On 10 June 2026, Lifecare announced successful completion of its first six-month implant evaluation, including no observations of clinically significant adverse events, foreign body reactions or other observable clinical effects during the implantation period. The independent histological analysis now confirms those clinical observations.

The findings are consistent with earlier stages of the LFC-SEN-002 study, where histological analyses following 12-week implantations similarly demonstrated favorable tissue response without evidence of adverse biological effects. The latest results therefore extend Lifecare's documented in-vivo biocompatibility experience from 12 weeks to six months.

The pathology assessment confirms a favorable tissue response following six months of continuous implantation and further supports Lifecare's growing body of evidence regarding long-term implant biocompatibility.

“These results further strengthen our confidence in the long-term biocompatibility of the Lifecare implant platform,” said Joacim Holter, Chief Executive Officer of Lifecare ASA.
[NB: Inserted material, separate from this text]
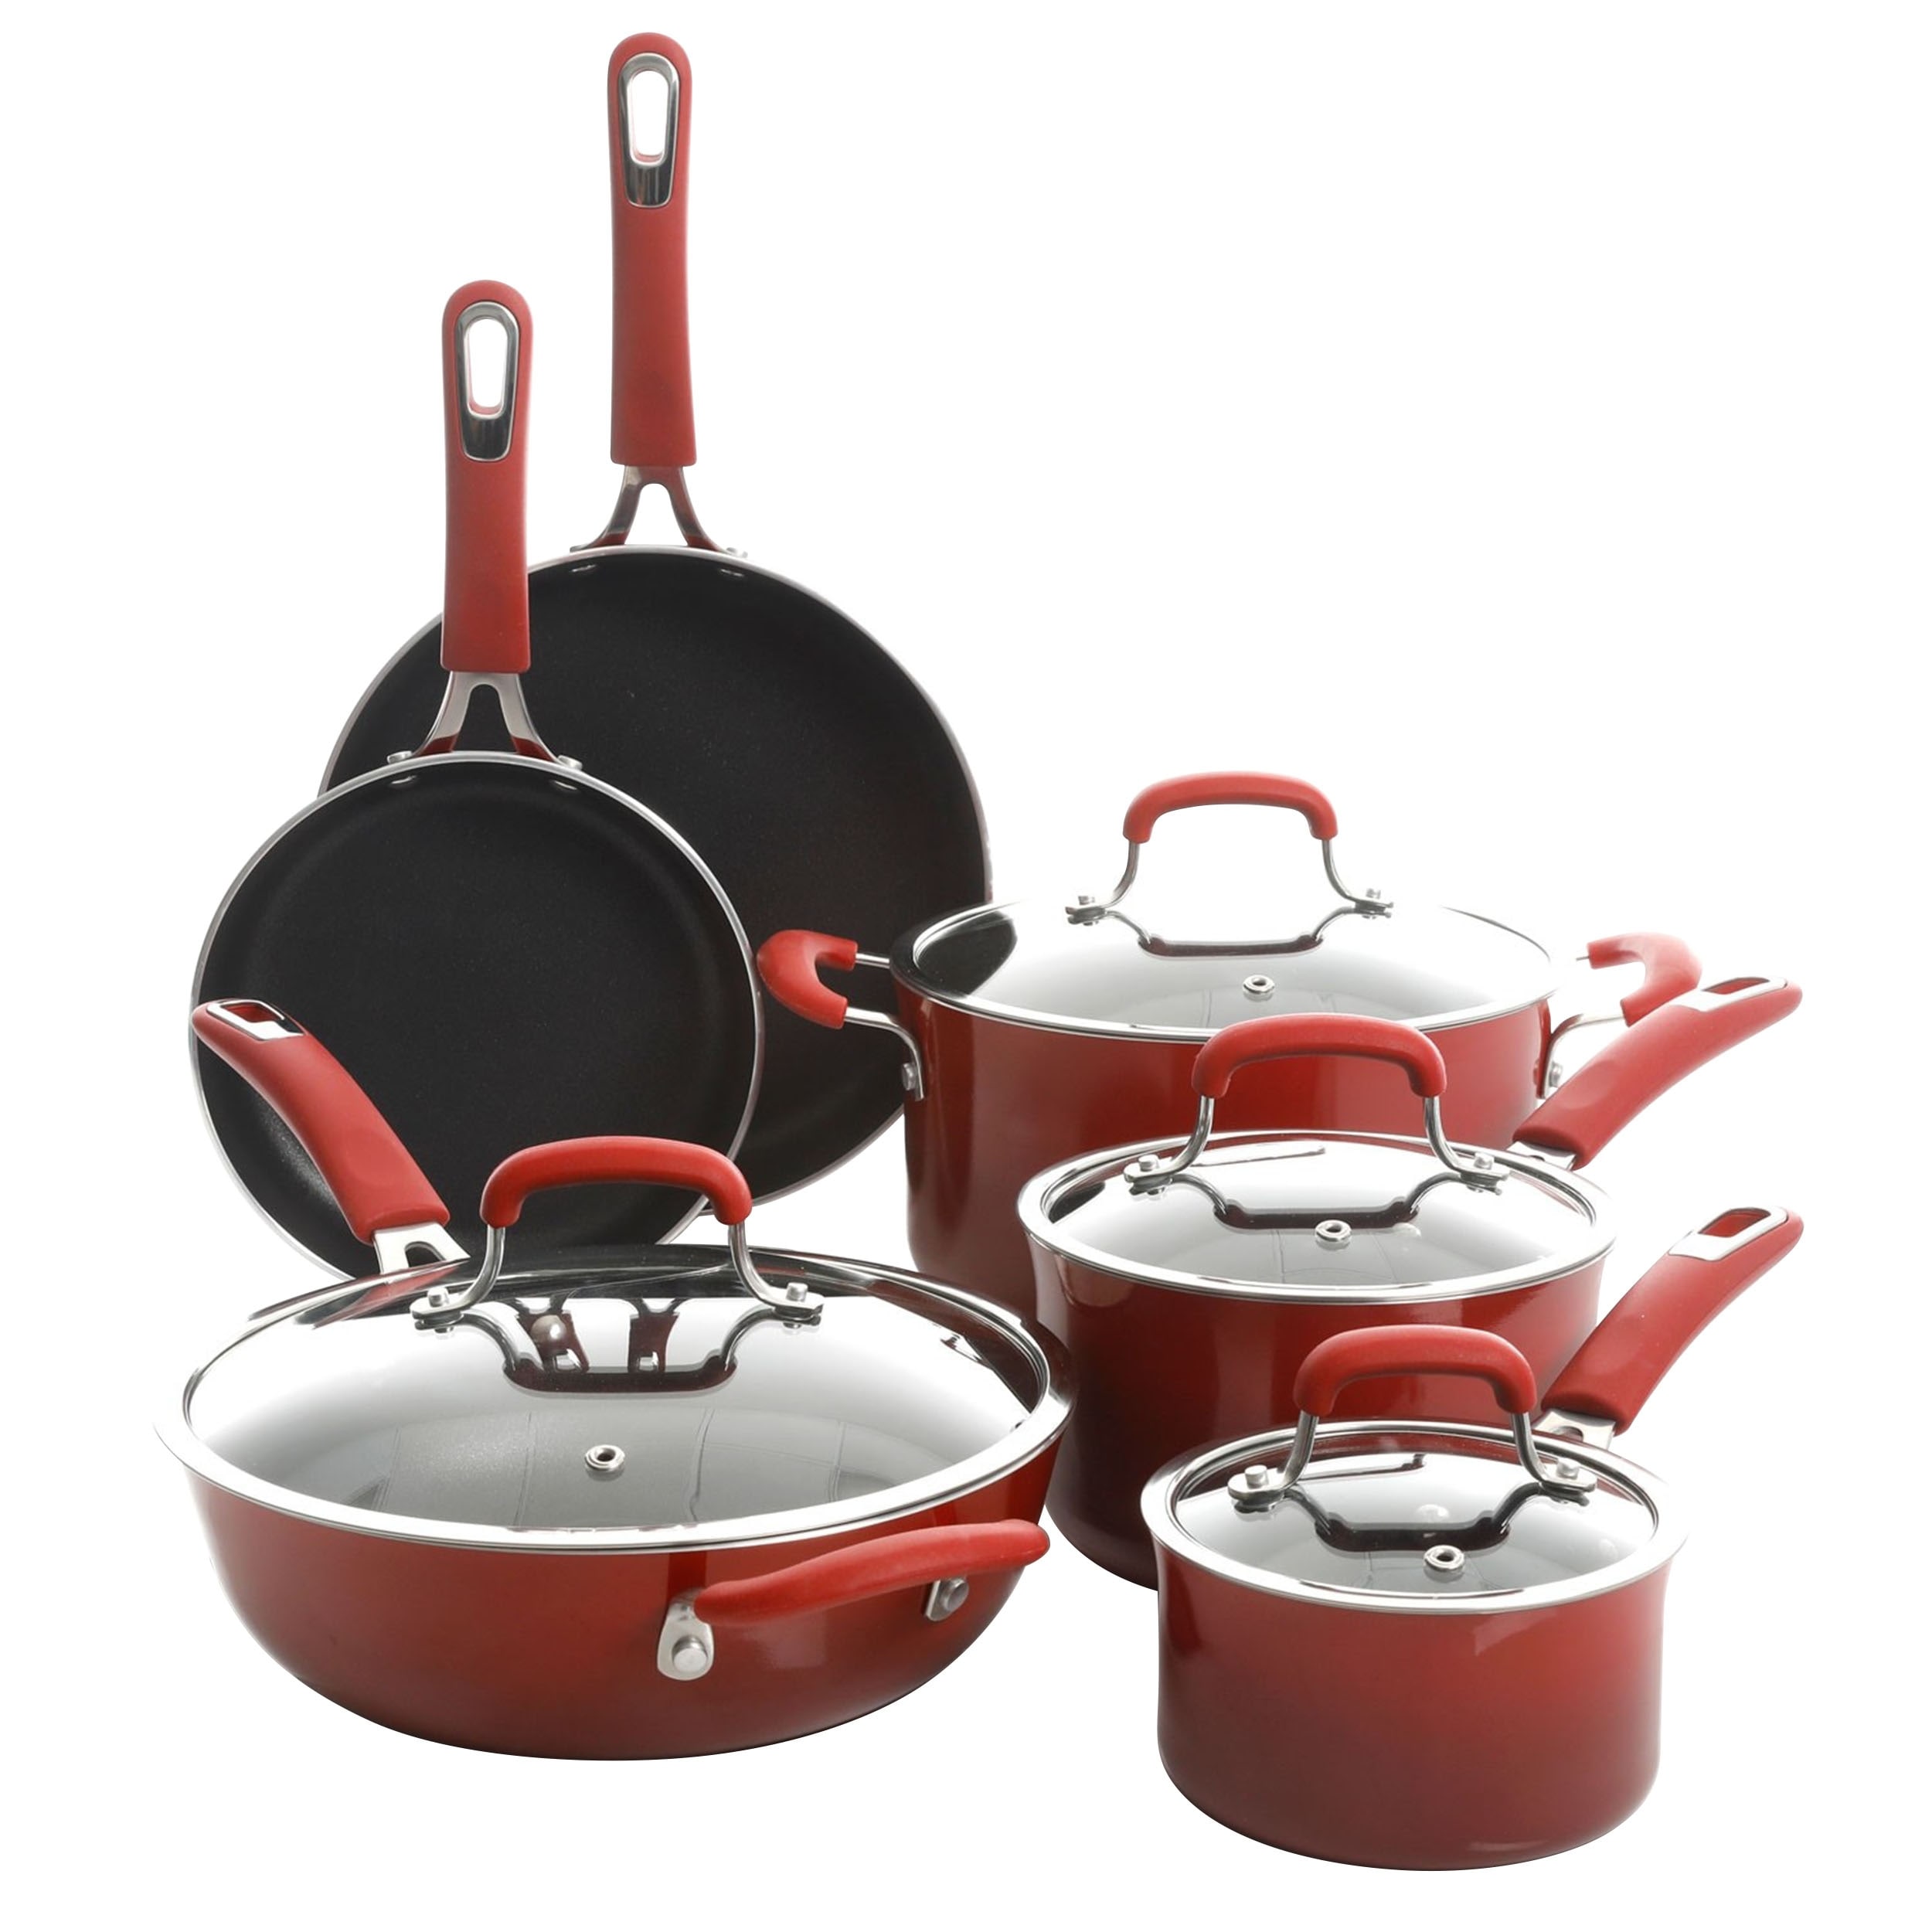 https://ak1.ostkcdn.com/images/products/is/images/direct/694561e33e762bf16d24aca22bbf9e117d551f19/Kenmore-Elite-Andover-10-Piece-Nonstick-Aluminum-Cookware-Set-in-Red-Gradient.jpg

“We have now extended favorable biopsy and pathology findings from 12 weeks to six months while continuing to observe only limited and expected local tissue response. Combined with the previously reported operational performance of the implant, these findings represent another important step in de-risking our technology platform and another important step in de-risking our technology platform and strengthening the foundation for future clinical and commercial execution.”

The results further support Lifecare's development program for both veterinary and human applications and strengthen the biological validation of the company's long-term implant platform.
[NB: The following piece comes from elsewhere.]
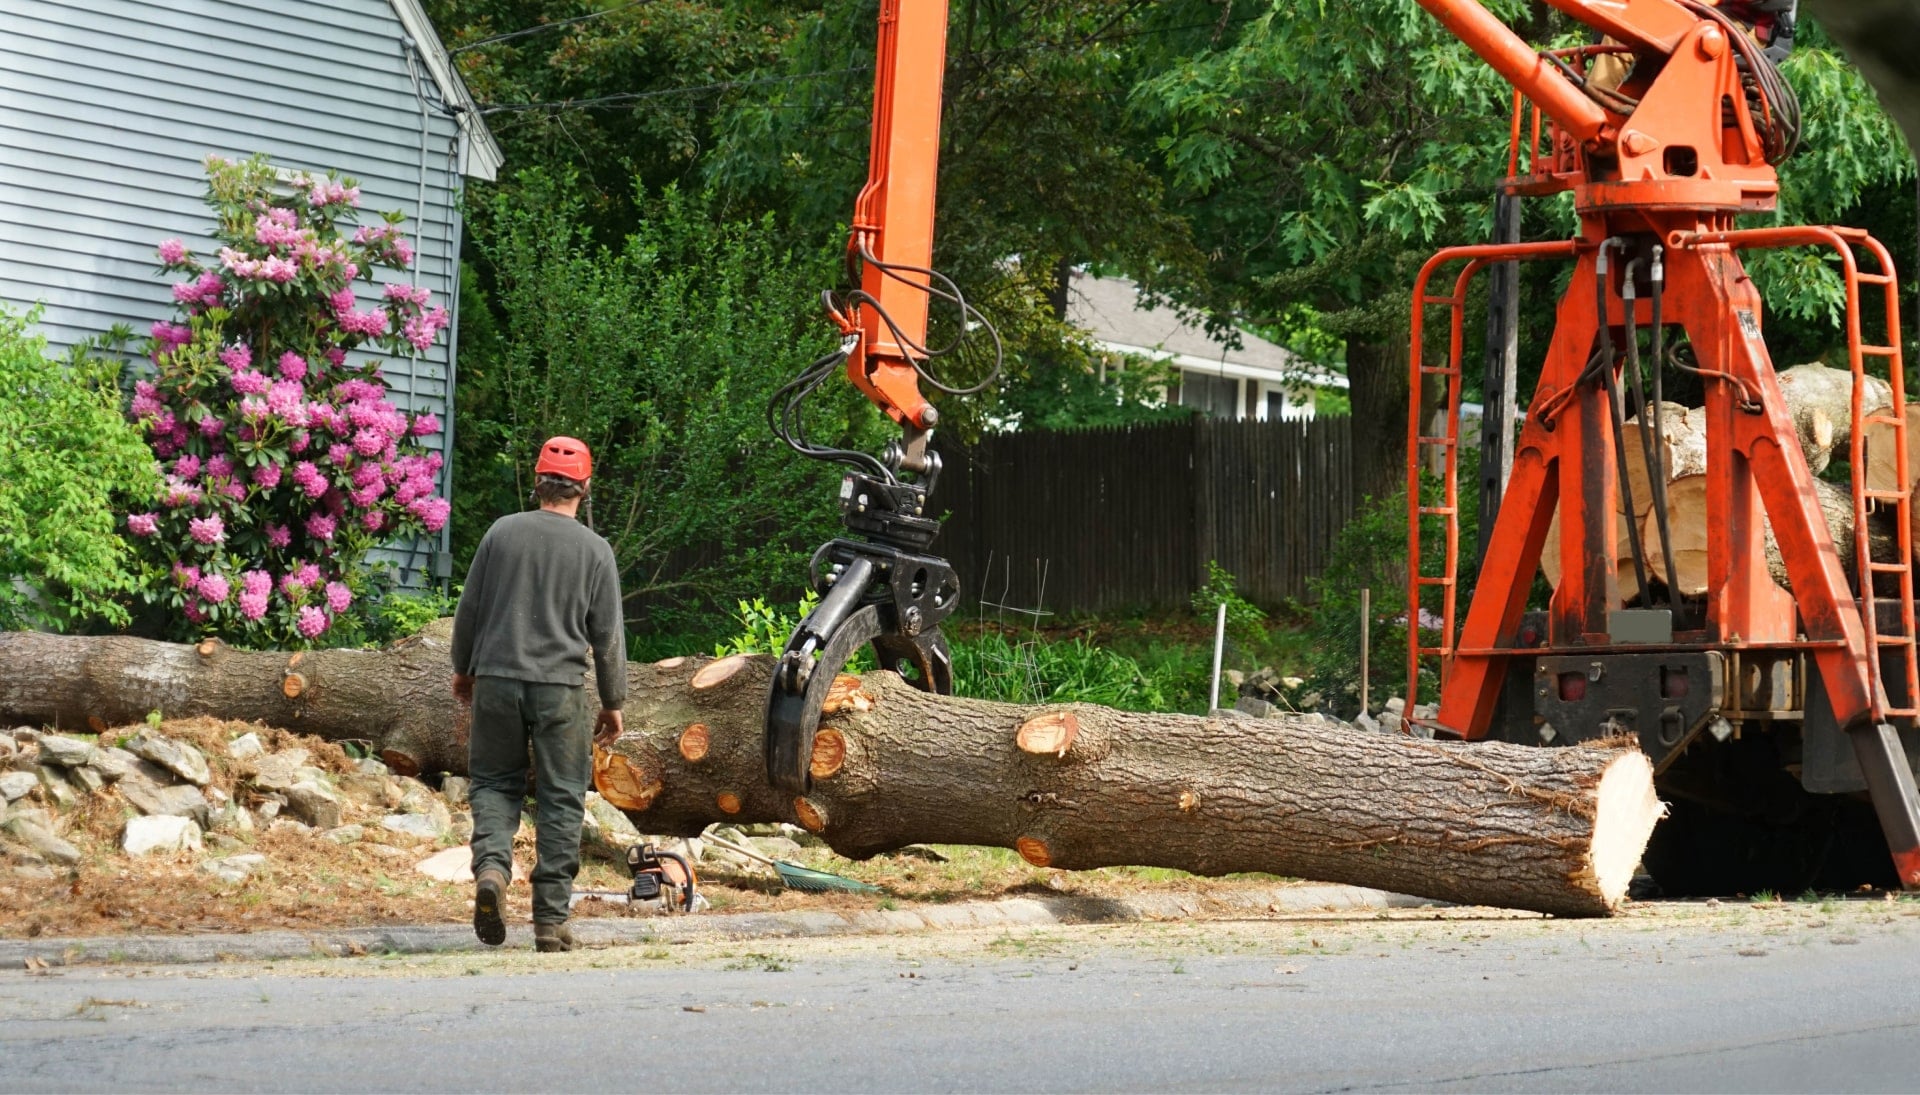 A tree stump has fallen and needs tree removal services in Fairfield, CA.

The histological examination of tissue samples collected at explantation demonstrated normal connective tissue, adipose tissue and vascular structures surrounding the implantation site. The assessment identified only limited localized inflammatory response and mild fibrosis, with no findings indicative of clinically significant foreign body reaction, implant rejection, extensive inflammatory response or other adverse biological tissue effects.

The pathology findings follow Lifecare's announcement on 10 June 2026 that the company's first six-month implant remained operational throughout the implantation period, continued to communicate with external equipment following explantation, and showed no visible mechanical damage upon microscopic inspection. The company also reported no clinically significant adverse events, foreign body reactions or other observable clinical effects during the six-month implantation period.

The explanted implant will undergo laboratory evaluation, including assessment of sensor performance, chemistry status, membrane condition and long-term implant durability following six months in vivo.

Two additional implants manufactured from the same reproducible production batch remain active in the ongoing study and continue to progress toward similar implantation durations, providing further opportunity to evaluate repeatability and long-term performance.

The results generated through LFC-SEN-002 continue to provide important input supporting Lifecare's product development, manufacturing scale-up activities, regulatory pathway and future commercialization plans.

About LFC-SEN-002
LFC-SEN-002 is an ongoing longevity and performance study evaluating Lifecare's implantable CGM technology in dogs. The study focuses on biocompatibility, system stability and in-vivo signal behaviour and supports both veterinary product development and future human clinical programs. The study is conducted under veterinary supervision in cooperation with the Faculty of Veterinary Medicine, Department of Companion Animal Clinical Sciences at the Norwegian University of Life Sciences (NMBU).